然而,这里是Python脚本,我用于基准测试,也许有人用MKL加速的Numpy / Scipy可以发布他们的数字.请注意,我只是注释掉n = 10000行以禁用胖矩阵X的情况,并执行n = 1向量的情况. (抱歉.)
import scipy.linalg as sla
import numpy.linalg as nla
from numpy.random import RandomState
from timeit import timeit
import numpy as np
RNG = RandomState(69)
m=160
n=1
#n=10000
Ac = RNG.randn(m,m)
if 1:
Ac = np.triu(Ac)
bc = RNG.randn(m,n)
Af = Ac.copy("F")
bf = bc.copy("F")
if 0: # Save to Matlab format
import scipy.io as io
io.savemat("b_%d.mat"%(n,),dict(A=Ac,b=bc))
import sys
sys.exit(0)
def lapper(fn,source,**kwargs):
Alocal = source[0].copy()
blocal = source[1].copy()
fn(Alocal,blocal,**kwargs)
laps = (1000 if n<=1 else 100)
def printer(t,s=''):
print ("%g seconds,%d laps," % (t/float(laps),laps)) + s
return t/float(laps)
t=[]
print "C"
t.append(printer(timeit(lambda: lapper(sla.solve,(Ac,bc)),number=laps),"scipy.solve"))
t.append(printer(timeit(lambda: lapper(sla.solve,bc),check_finite=False),"scipy.solve,infinite-ok"))
t.append(printer(timeit(lambda: lapper(nla.solve,"numpy.solve"))
#print "F" # Doesn't seem to matter
#printer(timeit(lambda: lapper(sla.solve,(Af,bf)),number=laps))
#printer(timeit(lambda: lapper(nla.solve,number=laps))
print "sla with tweaks"
t.append(printer(timeit(lambda: lapper(sla.solve,overwrite_a=True,overwrite_b=True,"scipy.solve destructive"))
print "Tri"
t.append(printer(timeit(lambda: lapper(sla.solve_triangular,"scipy.solve_triangular"))
t.append(printer(timeit(lambda: lapper(sla.solve_triangular,"scipy.solve_triangular,inf-ok"))

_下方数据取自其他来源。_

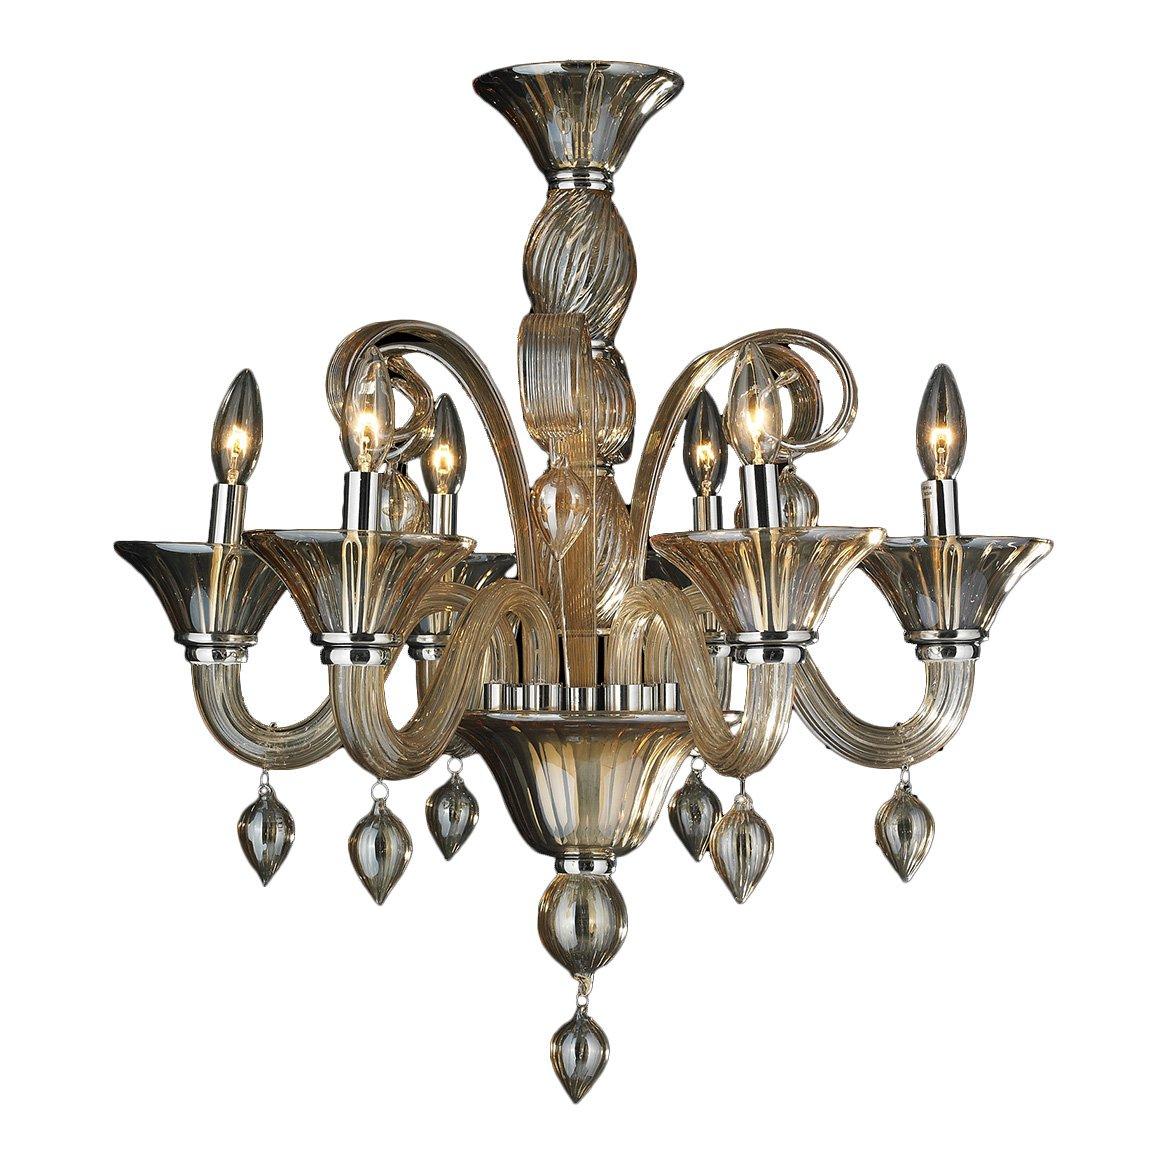 Worldwide Lighting Murano Collection 6 Light Blown Glass in Amber Finish Venetian Style Chandelier 23'' D x 27'' H Medium

t.append(printer(timeit(lambda: lapper(sla.solve_triangular,"scipy.solve_triangular destructive"))
print "LU"
piv = np.arange(m)
t.append(printer(timeit(lambda: lapper(
lambda X,b: sla.lu_solve((X,piv),b,"LU"))
print "all times:"
print t
输出上述脚本的矢量情况,n = 1:
C 0.000739405 seconds,1000 laps,scipy.solve 0.000624746 seconds,scipy.solve,infinite-ok 0.000590003 seconds,numpy.solve sla with tweaks 0.000608365 seconds,scipy.solve destructive Tri 0.000208711 seconds,scipy.solve_triangular 9.38371e-05 seconds,scipy.solve_triangular,inf-ok 9.37682e-05 seconds,scipy.solve_triangular destructive LU 0.000100215 seconds,LU all times: [0.0007394047886284343,0.00062474593940593,0.0005900030818282472,0.0006083650710913095,0.00020871054023307778,9.383710445114923e-05,9.37682389063692e-05,0.00010021534750467032]
上述脚本的输出矩阵情况n = 10000:
C 0.118985 seconds,100 laps,scipy.solve 0.113687 seconds,infinite-ok 0.115569 seconds,numpy.solve sla with tweaks 0.113122 seconds,scipy.solve destructive Tri 0.0725959 seconds,scipy.solve_triangular 0.0634396 seconds,inf-ok 0.0638423 seconds,scipy.solve_triangular destructive LU 0.1115 seconds,LU all times: [0.11898513112988955,0.11368747217793944,0.11556863916356903,0.11312182352918797,0.07259593807427585,0.0634396208970783,0.06384230931663318,0.11150022257648459]
请注意,上述Python脚本可以将其数组保存为Matlab .MAT数据文件.这是目前禁用的(如果0,抱歉),但如果启用,您可以测试Matlab的速度在完全相同的数据.这是Matlab的时序脚本:
clear
q = load('b_10000.mat');
A=q.A;
b=q.b;
clear q
matrix_time = timeit(@() A\b)
q = load('b_1.mat');
A=q.A;
b=q.b;
clear q
vector_time = timeit(@() A\b)
您将需要Mathworks文件交换:http://www.mathworks.com/matlabcentral/fileexchange/18798-timeit-benchmarking-function的时间函数.它产生以下输出:
matrix_time =
0.0099989
vector_time =
2.2487e-05
这个经验分析的结果是,至少在Python中,当你有一个三角形系统时,只要使用scipy.linalg.solve_triangular,至少使用check_finite = False关键字参数来实现快速和非破坏性解决方案.